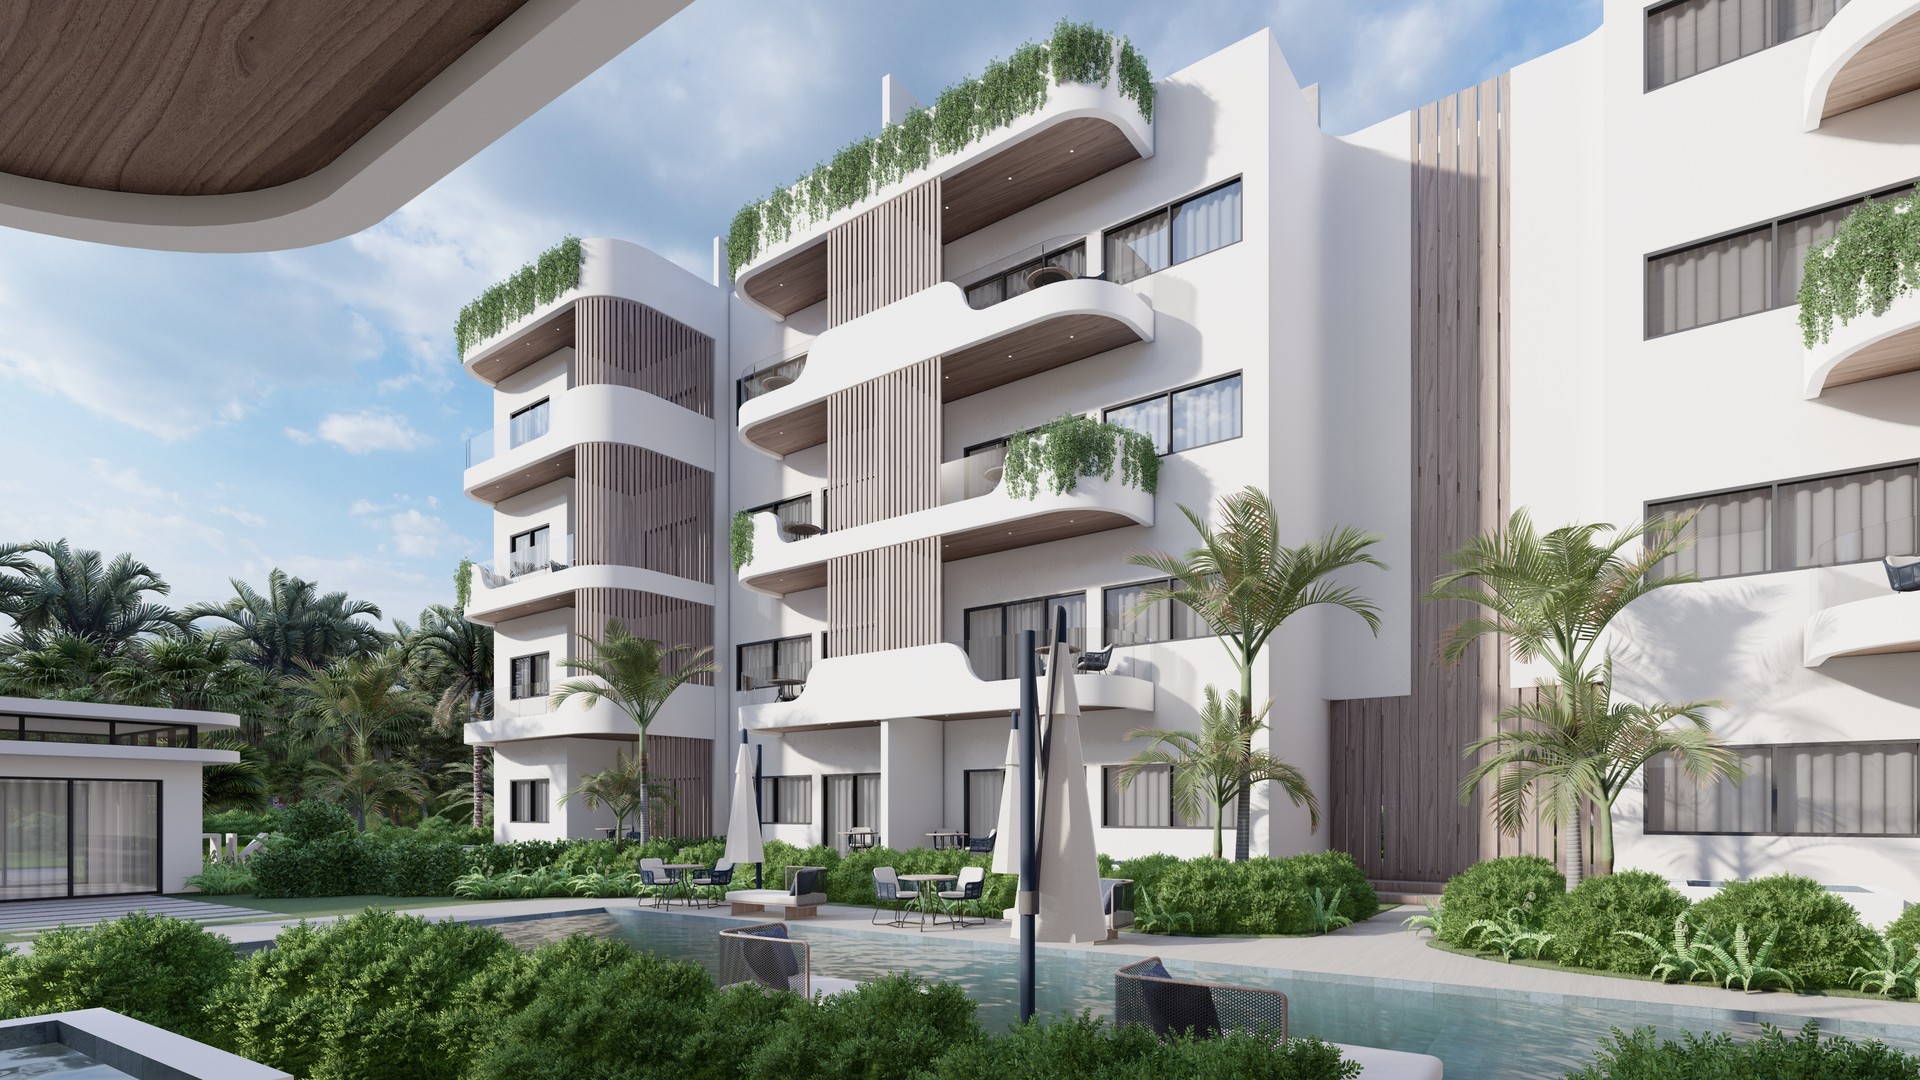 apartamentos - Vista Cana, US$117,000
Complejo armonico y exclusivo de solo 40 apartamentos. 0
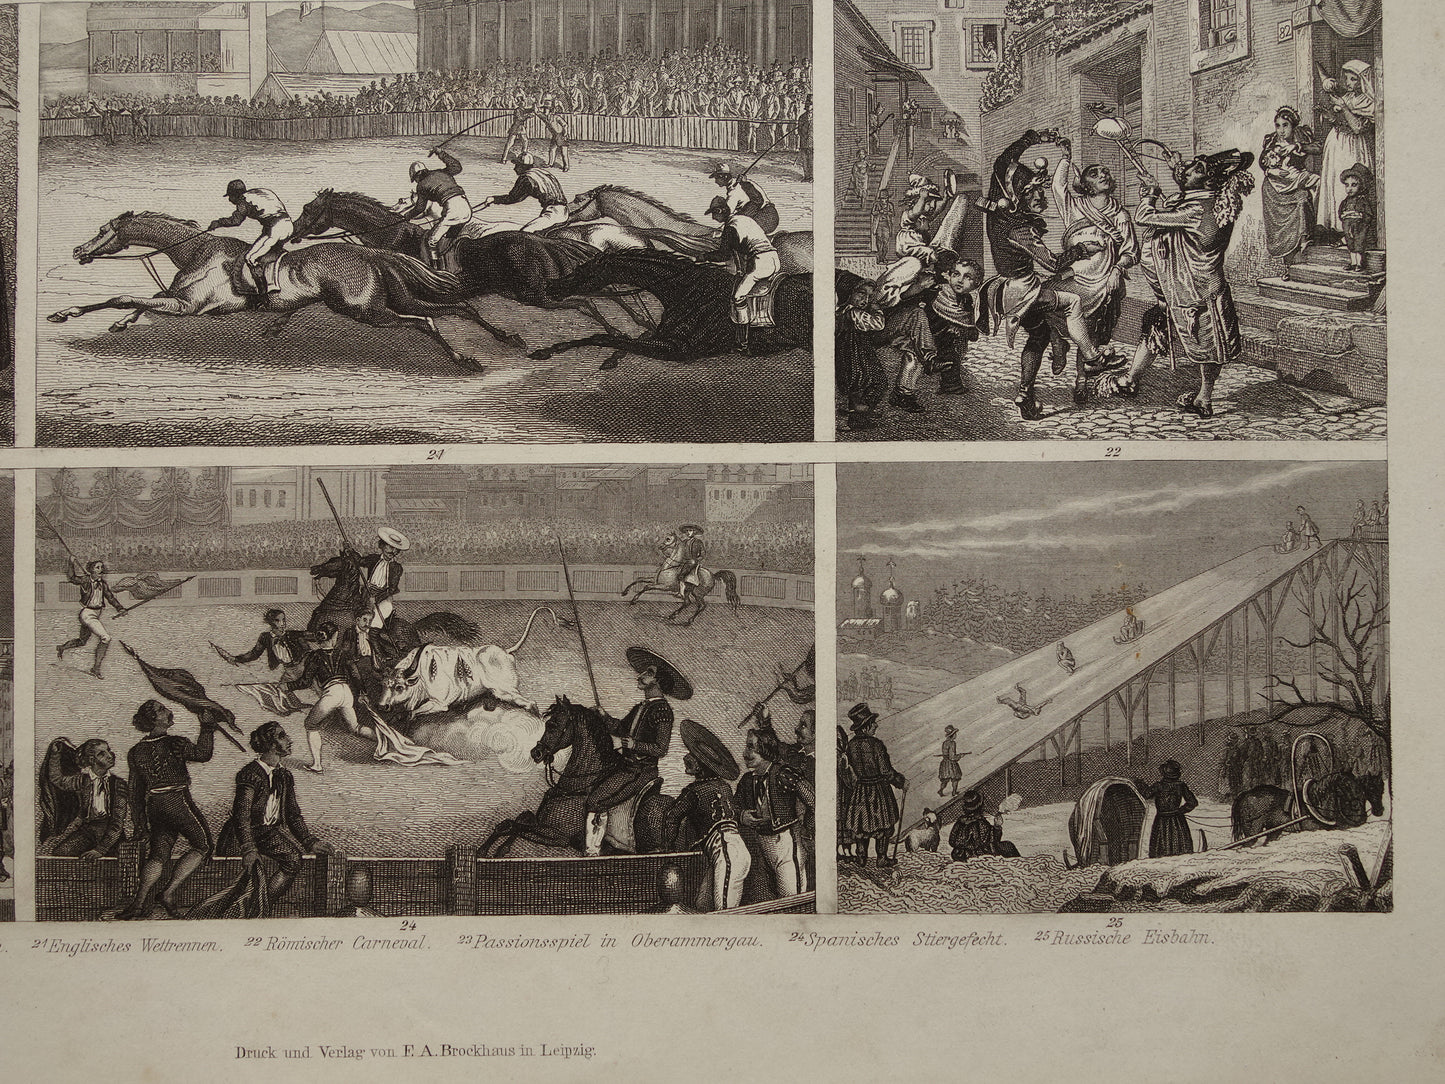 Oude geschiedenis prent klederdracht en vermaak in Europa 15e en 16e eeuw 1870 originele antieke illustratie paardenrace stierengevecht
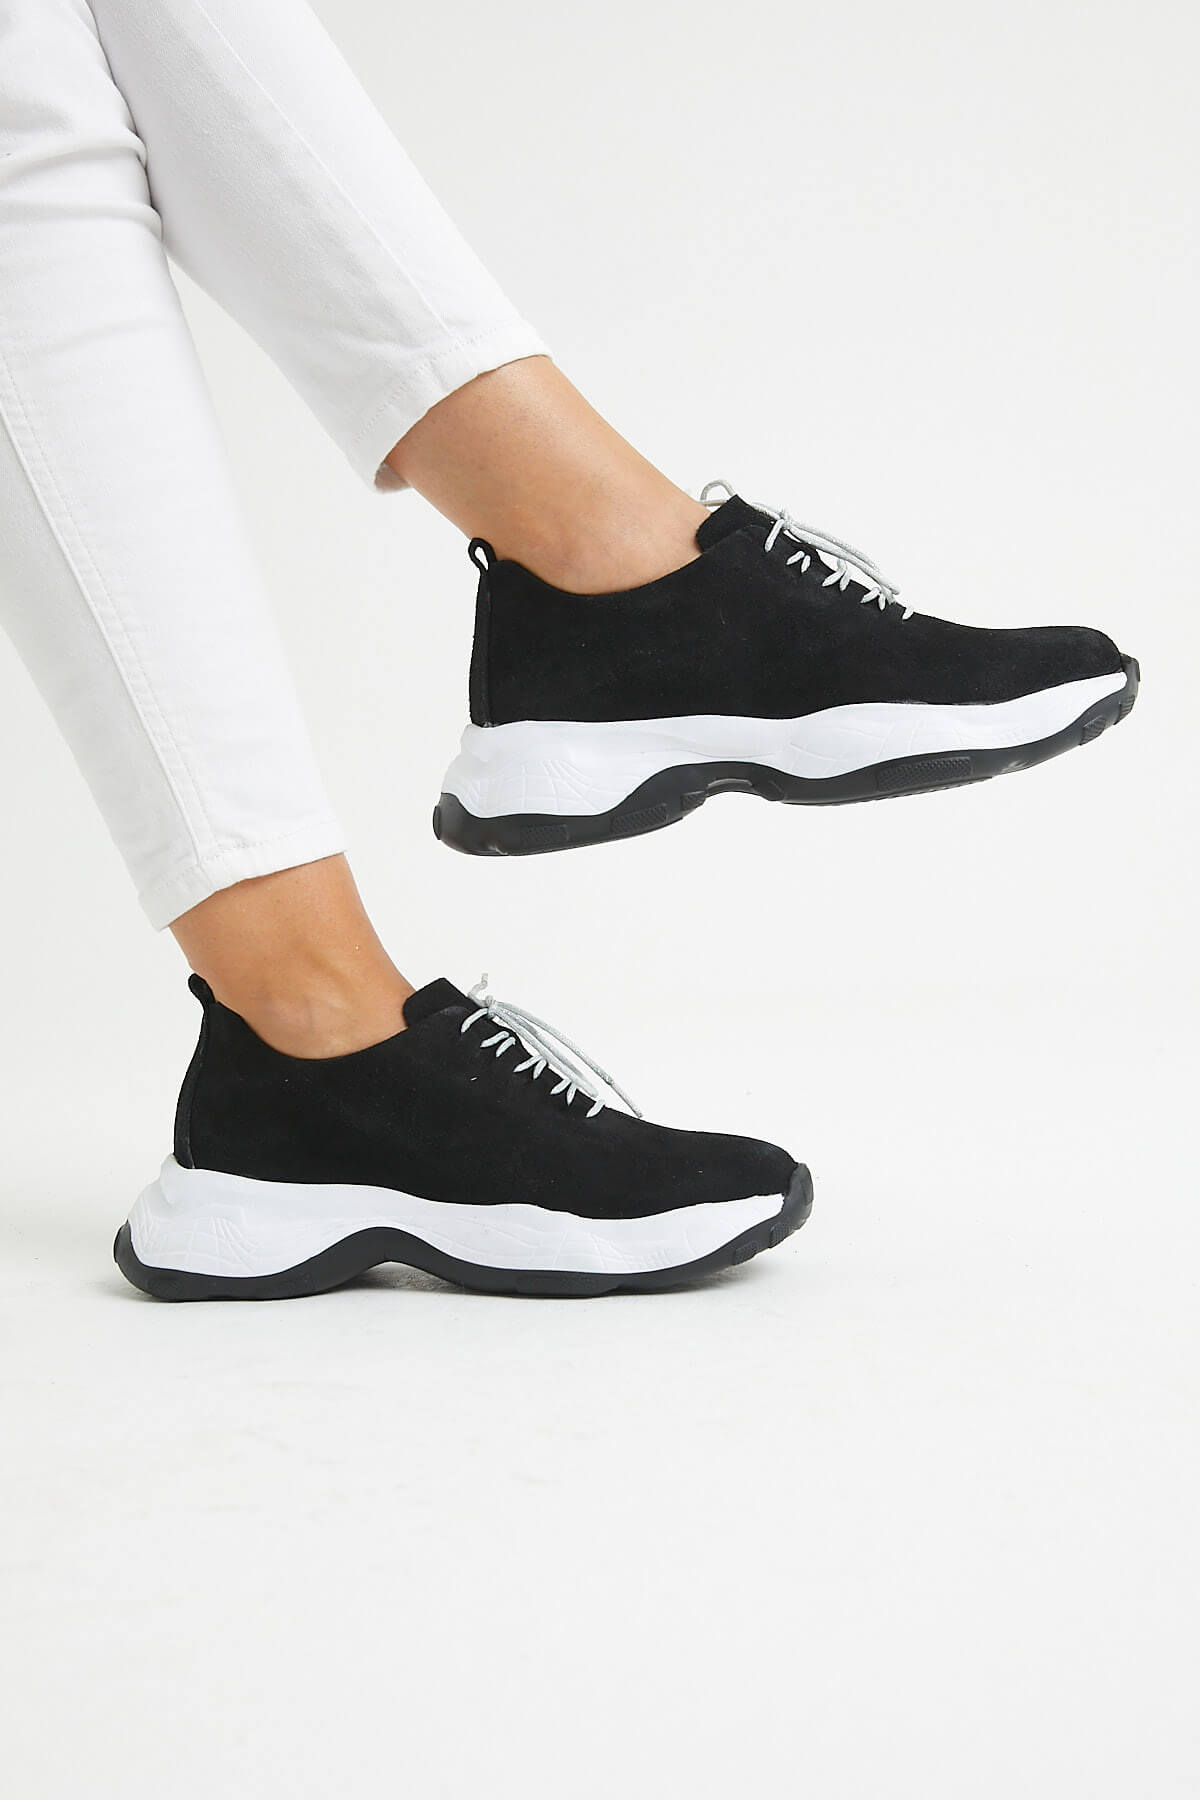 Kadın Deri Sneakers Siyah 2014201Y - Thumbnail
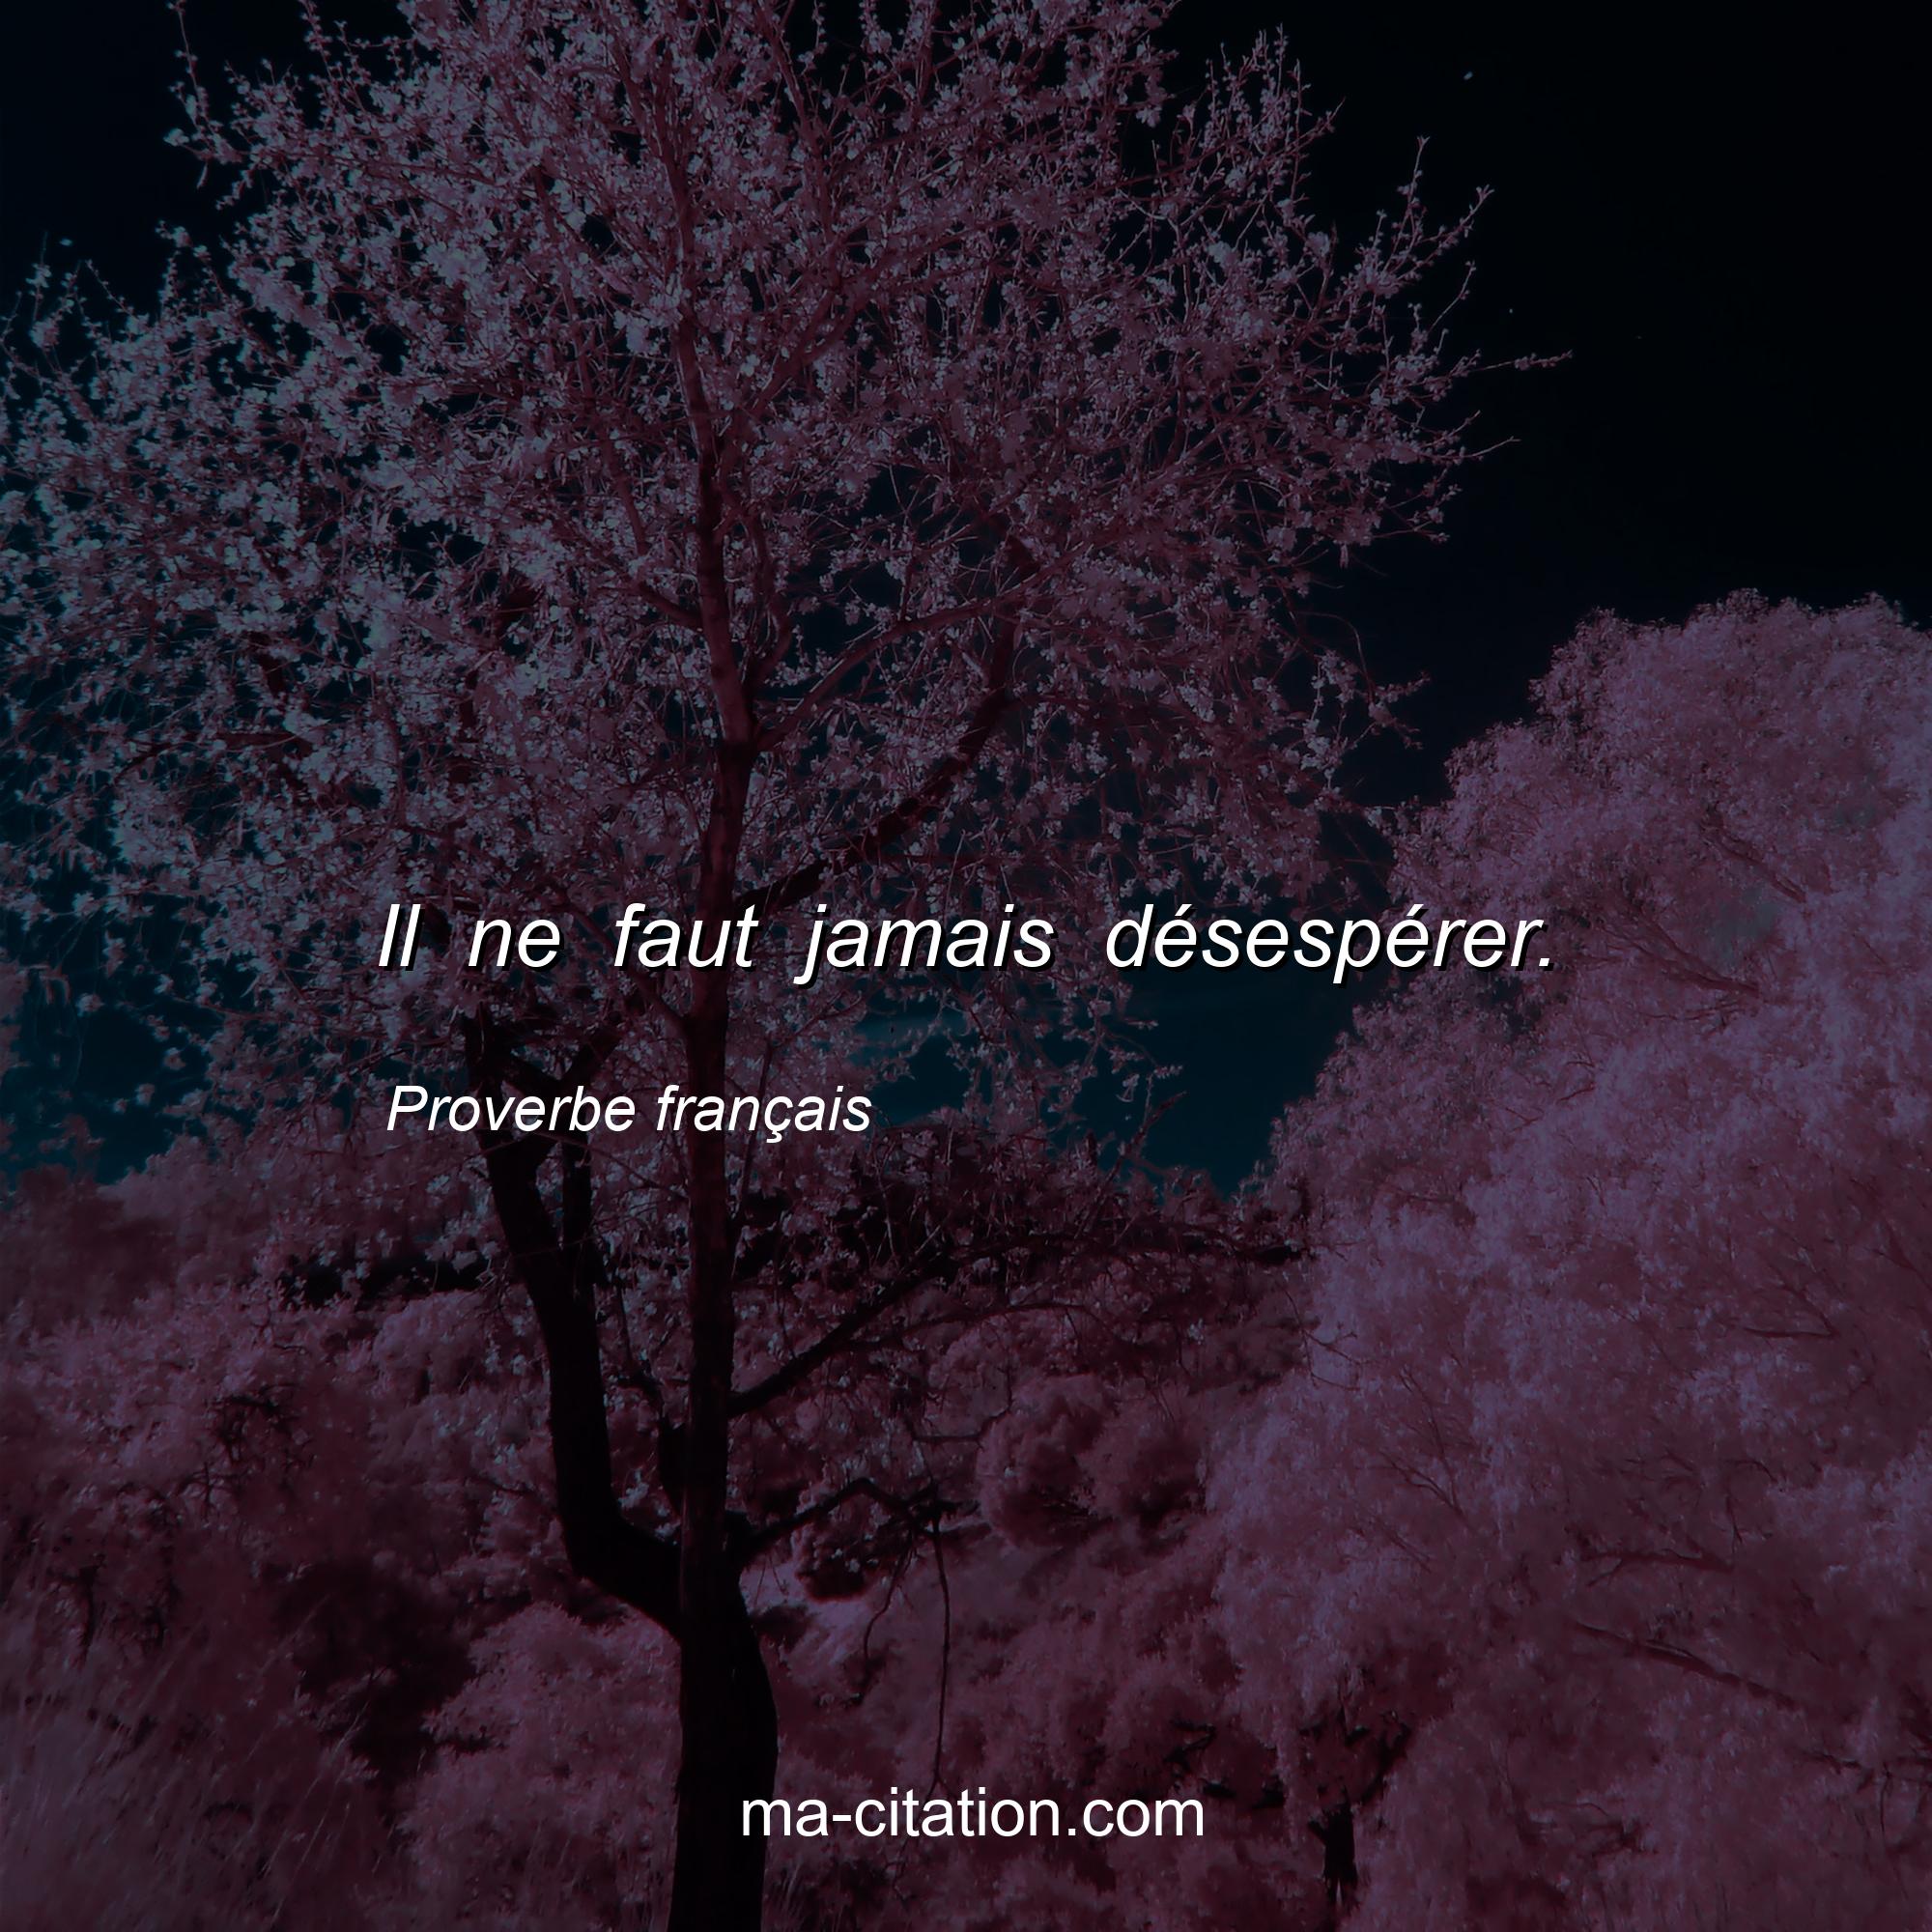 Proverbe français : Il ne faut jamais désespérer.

What this task involves: Your copy must match the records above word for word and contain no pictures.

Answer section:
 apartamentos - Vista Cana, US$117,000
Complejo armonico y exclusivo de solo 40 apartamentos. 0
 Oude geschiedenis prent klederdracht en vermaak in Europa 15e en 16e eeuw 1870 originele antieke illustratie paardenrace stierengevecht
 Kadın Deri Sneakers Siyah 2014201Y - Thumbnail
 Proverbe français : Il ne faut jamais désespérer.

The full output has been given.